How The Web Works

Learning Goals

  • Define a client and server
  • Explain what an HTTP request is
  • Explain the nature of request and response
  • Define a static site vs. a dynamic site

Introduction

How many times a day do you use the internet? How many times do you load a different web page? Think about how many times you do this in a year! As a user, all you really need to know is the URL to navigate to. You don't need to concern yourself with what's going on behind the scenes. But if you want to be a web developer, it's important to have some understanding of how the web works. From here on out, you are no longer just a user of the internet. You are a creator of the web.

Client and Server

So seriously, how does this:

https://github.com/learn-co-curriculum/phase-1-how-the-web-works

Turn into this:

Github Readme

The internet operates based on conversations between the client (more familiarly known as the browser) and the server (the code running the web site you're trying to load). By typing in that URL into your browser, you (the client) are requesting a web page. The server then receives the request, processes it, and sends a response. Your browser receives that response and shows it to you.

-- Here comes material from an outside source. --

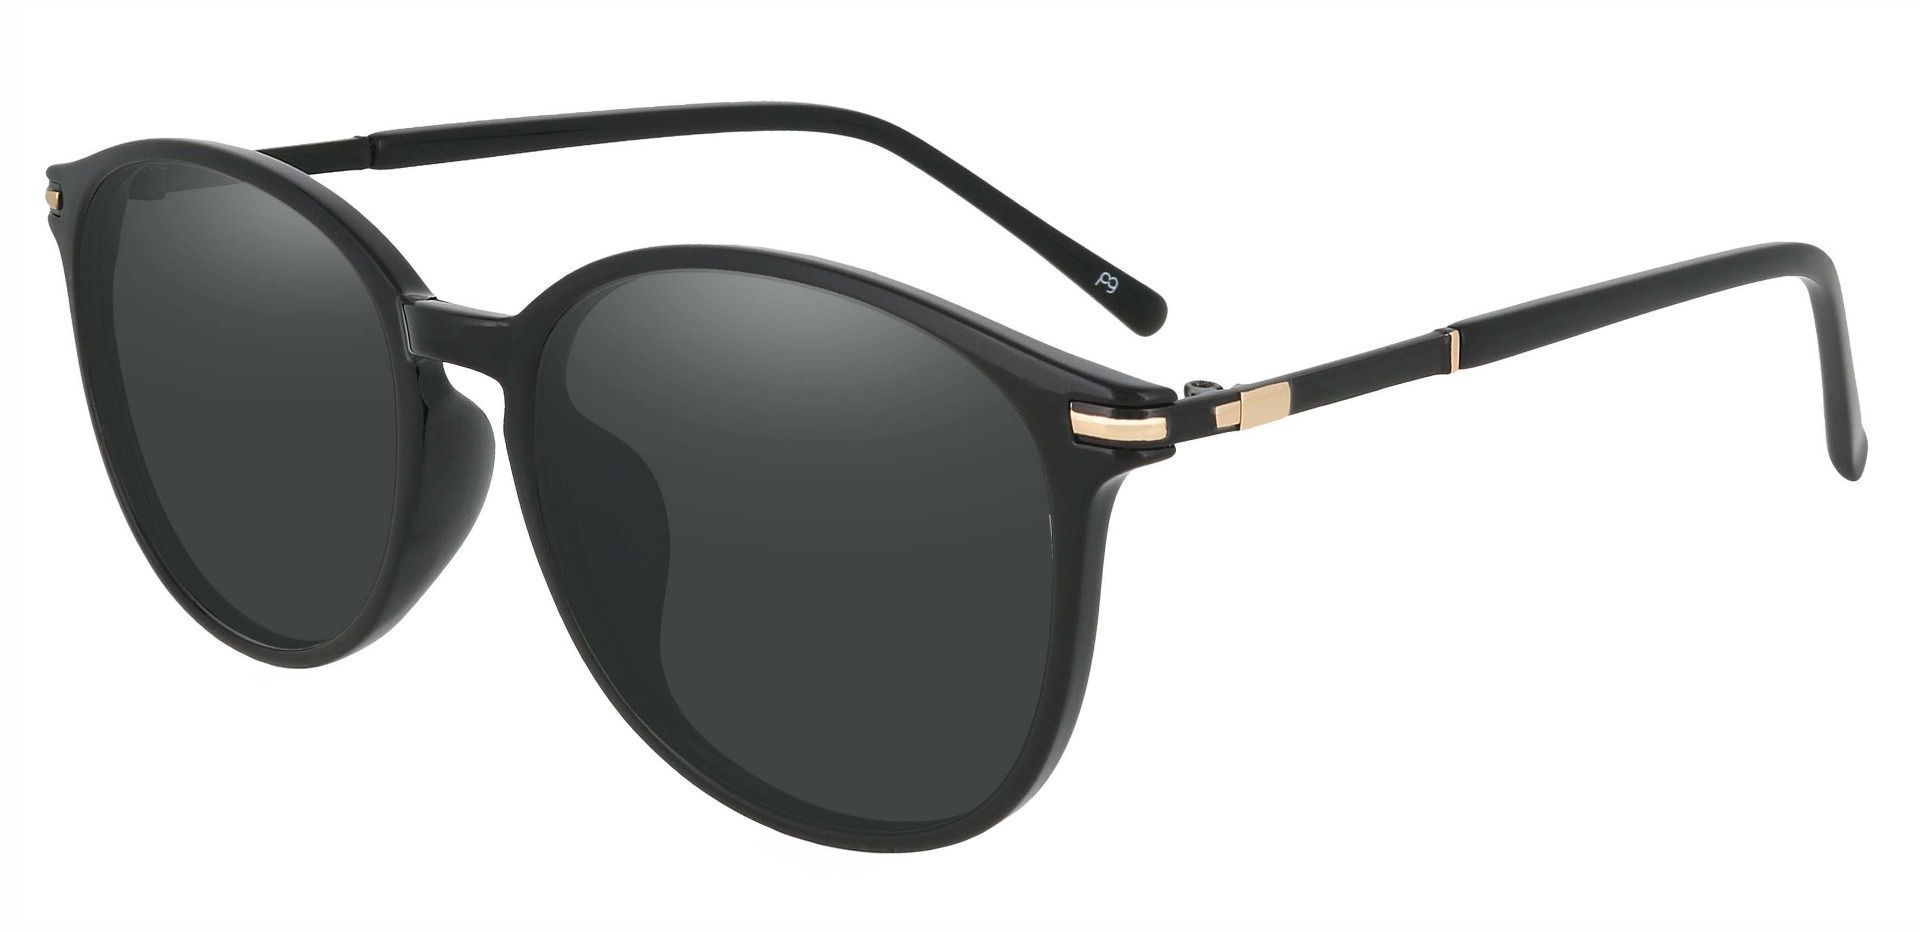 Danbury Oval Progressive Sunglasses - Black Frame With Gray Lenses

These are the fundamentals of the web. Browsers send requests, and servers send responses. Later in the program, we will be writing our servers using Ruby and a few different frameworks. But your browser doesn't know, nor does it care, what server it talks to. How does that work? How can a server that was written 15 years ago still work with a browser written 15 months or days ago?

In addition, you can use multiple clients! You can use Chrome, Safari, Firefox, Edge, and many others. All of those browsers are able to talk to the same servers. Let's take a closer look at how this occurs.

HTTP Overview

Communication between different clients and different servers is only possible because the way browsers and servers talk is controlled by a contract, or protocol. Specifically, it is a protocol created by Tim Berners-Lee called Hyper Text Transfer Protocol, or HTTP. Your server will receive requests from the browser that follow HTTP. It then responds with an HTTP response that all browsers are able to parse.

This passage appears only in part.